What is an Adapter Pattern?
The Adapter Pattern connects two incompatible objects by exposing an interface compatible with the Client. The object refers to a class, web service, REST API, process, or physical device depending upon your context.
Consider a C# Web Application displaying Weather Updates on its landing by utilizing the third-party REST API.
In this application, there are three participating objects in the Adapter Pattern:
- A Weather REST API (Adaptee) has the functionality of weather updates. The Weather REST API only understands JSON.
- The C# MVC Web Application (Client) displays weather updates on its landing page using the Weather Web Service.
- The Adapter enables the Client to utilize the Adaptee functionality. It does that by doing two things:
- It converts the Client's input to the format acceptable to Adaptee i.e. JSON to C# Object(s).
- It converts the Adaptee's output to the format acceptable to the Client i.e. C# Object(s) to JSON.
A sequence diagram of an Adapter Pattern is below:
Any application that integrates with other services might already use an Adapter Pattern in the form of SDK. Some examples are below:
- AWS S3 C# SDK is an Adapter that hides the REST API (Adaptee).
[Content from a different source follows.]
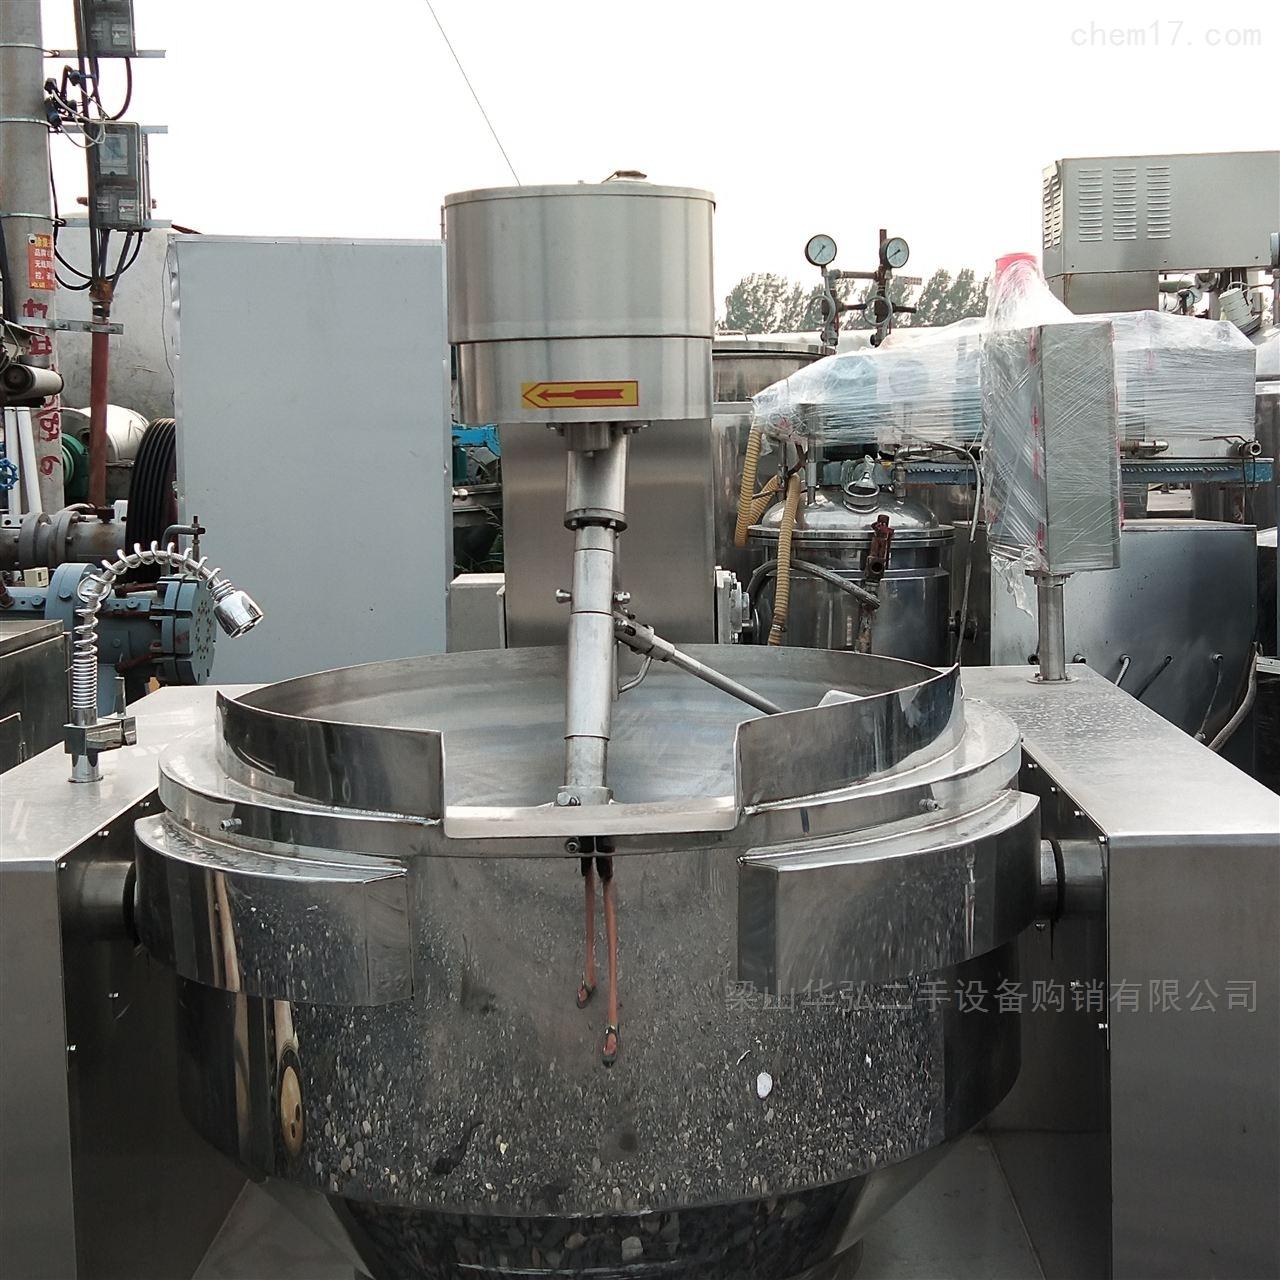 大量回收二手电加热夹层锅
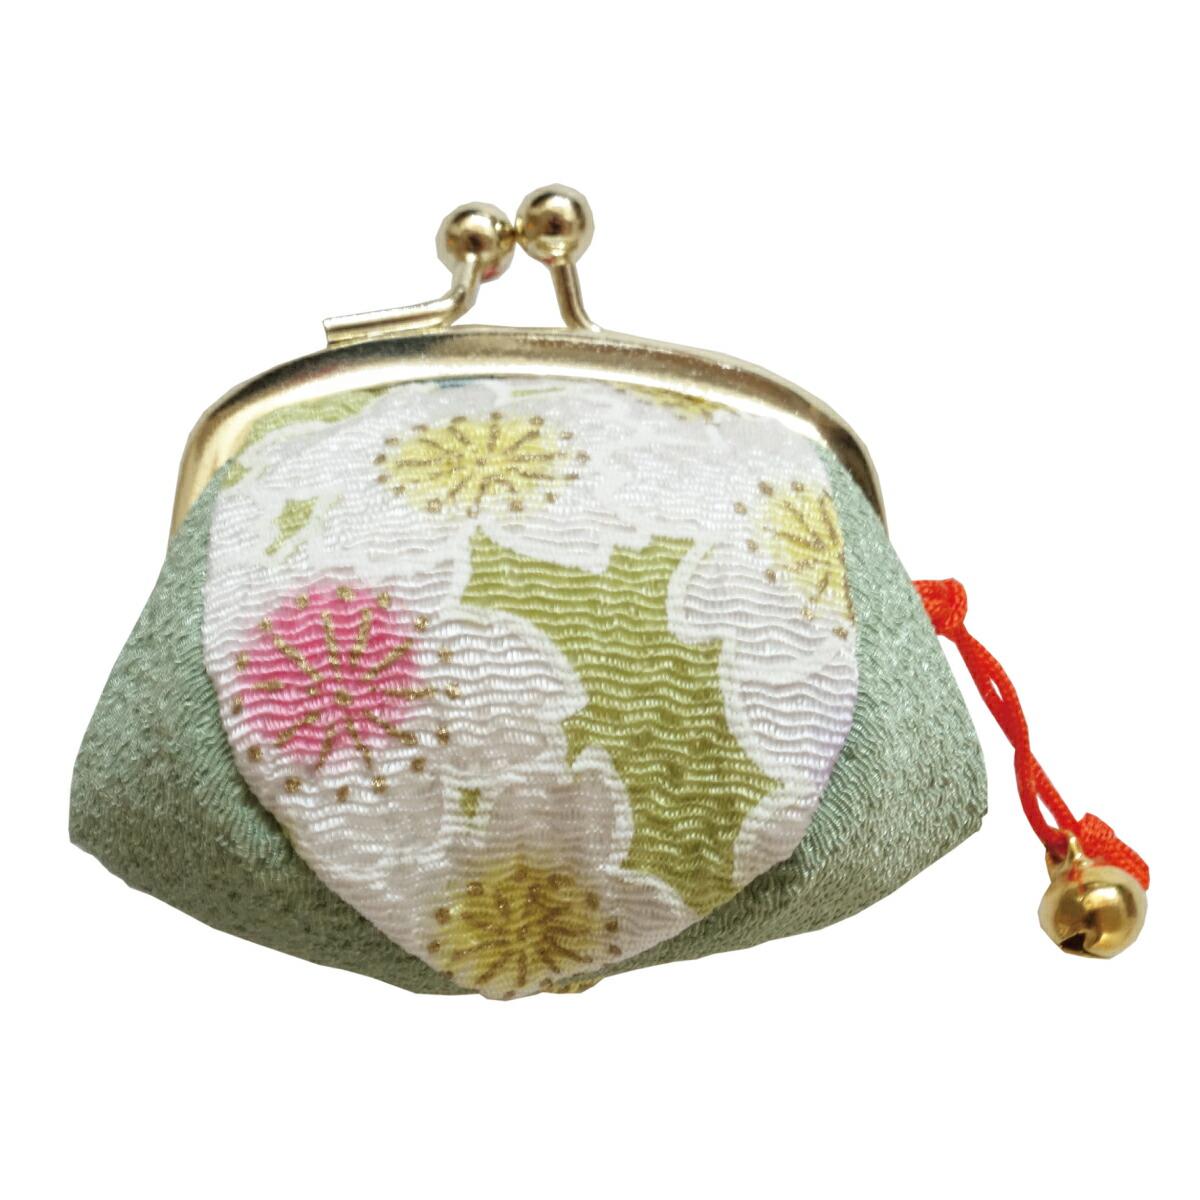 【がま口】指輪差し付・財布/小銭入れ ミニサイズ小鈴付<三色桜>若草

- C# OAUTH 2.0 SDK for Authorization.
- Virus Scanner, which utilizes unmanaged code.
- Reading MS Office files.
- CSV Reader.
In light of the above examples, any IO-based operations essentially implement an Adapter Pattern.
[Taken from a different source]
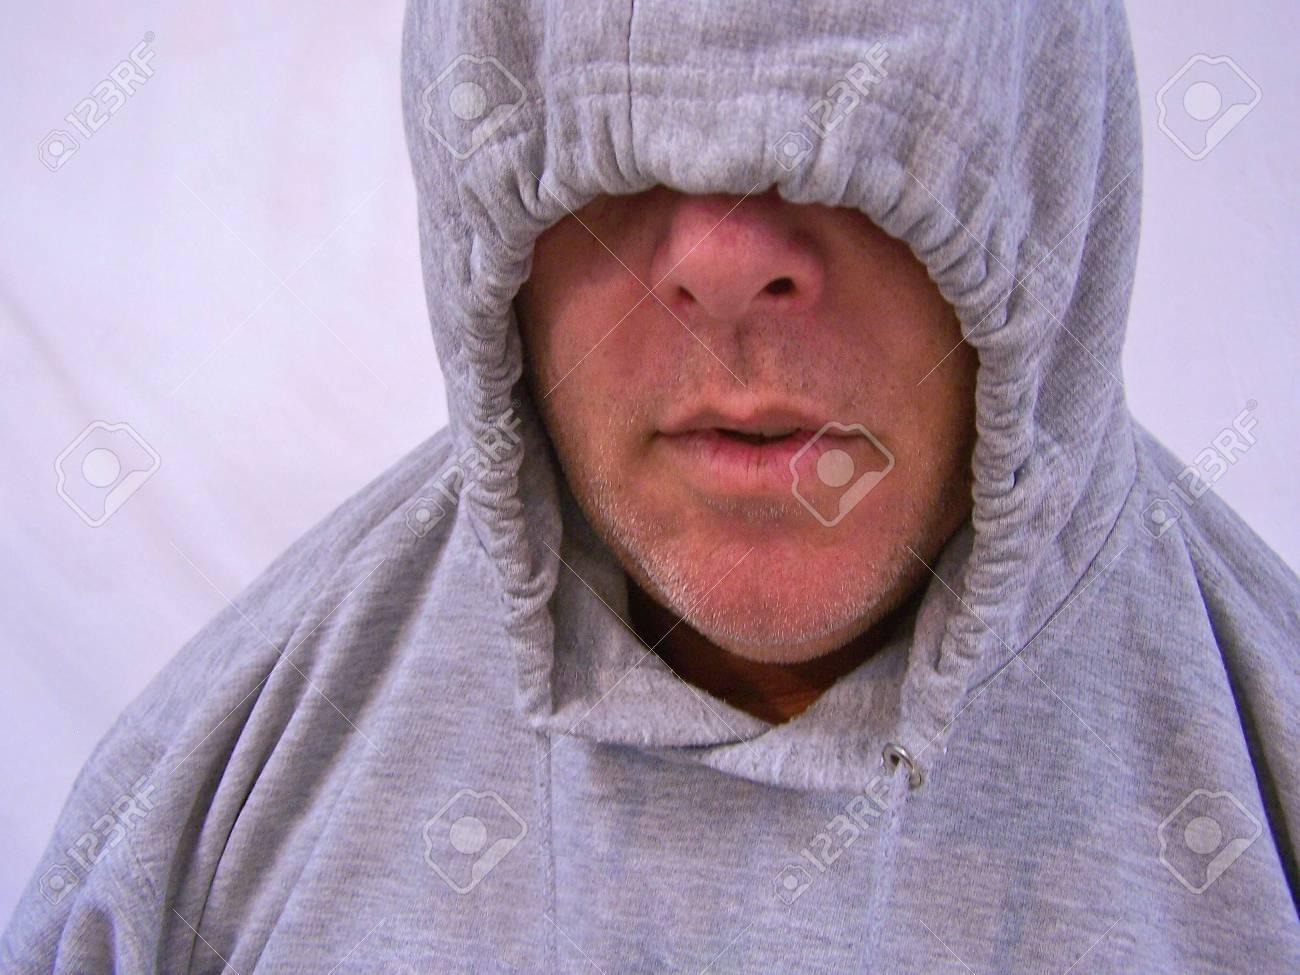 man with hooded sweatshirt Stock Photo - 3577689

Applying an Adapter Pattern to match the Adaptee with your application domain language is often beneficial. In the DDD context, an Anti-Corruption Layer implements an Adapter Pattern. For example, an internal or third-party service might use very different naming conventions than your application. An old JAVA SOAP Web Service often uses underscore in properties names such as first_name, last_name, user_role, etc.
Why use it?
You should use it when one of the following reason apply:
- To make the Adaptee compatible with your use case.
- To encapsulate the communication between the Client and Adaptee.
- To encapsulate the input & output conversion also known as serialization and de-serialization.
- To protect the domain model language from using unknown concepts.
Though replacing the Adaptee is not the primary intent of the pattern, C# implementation can help replace the Adaptee without changing the Client usage call-site. The new Adaptee must provide the same business operations for any replacement to succeed. An Adapter pattern can be helpful to migrate legacy applications to newer implementations slowly.
The Adapter Pattern is similar to the Wrapper Pattern, where a wrapper around the original implementation makes the API match the current application domain context.
How to implement it?
Structure of Adapter Pattern
A class diagram of the Adapter Pattern is below:
Weather Service Adapter
A weather service adapter is a generic example when application integrates with other web services. Implementation is below:
//MVC controller returning weather update view - controller is acting as Client
public class DashboardController : Controller
{
private readonly IWeatherServiceAdapter _weatherServiceAdapter;
public DashboardController(IWeatherServiceAdapter weatherServiceAdapter){
_weatherServiceAdapter = weatherServiceAdapter;
}
public IHttpAction DisplayWeatherUpdate(string zipCode){
return View("WeatherDashboard", GetWeatherUpdate());
WeatherStats GetWeatherUpdate(){
var weatherStats = _weatherServiceAdapter.GetWeatherUpdate(zipCode);
return weatherStats;
}
}
}
//Adapter interface
public interface IWeatherServiceAdapter{
Task<WeatherStats> GetWeatherUpdate(string zipCode);
}
//Adapter interface implementation
//It hides communication to REST API, and transformation of request and response
public class WeatherServiceAdapter : IWeatherServiceAdapter
{
private readonly HttpClient _httpClient;
private readonly string _remoteServiceBaseUrl;
public WeatherServiceAdapter(HttpClient httpClient)
{
_httpClient = httpClient;
}
public async Task<WeatherStats> GetWeatherUpdate(string zipCode)
{
var uri = string.Join(_remoteServiceBaseUrl, "/", zipCode);
//call the REST endpoint of weather service (Adaptee)
var responseString = await _httpClient.GetStringAsync(uri);
//Transforming the JSON response to C# object which is acceptable the Client (Controller)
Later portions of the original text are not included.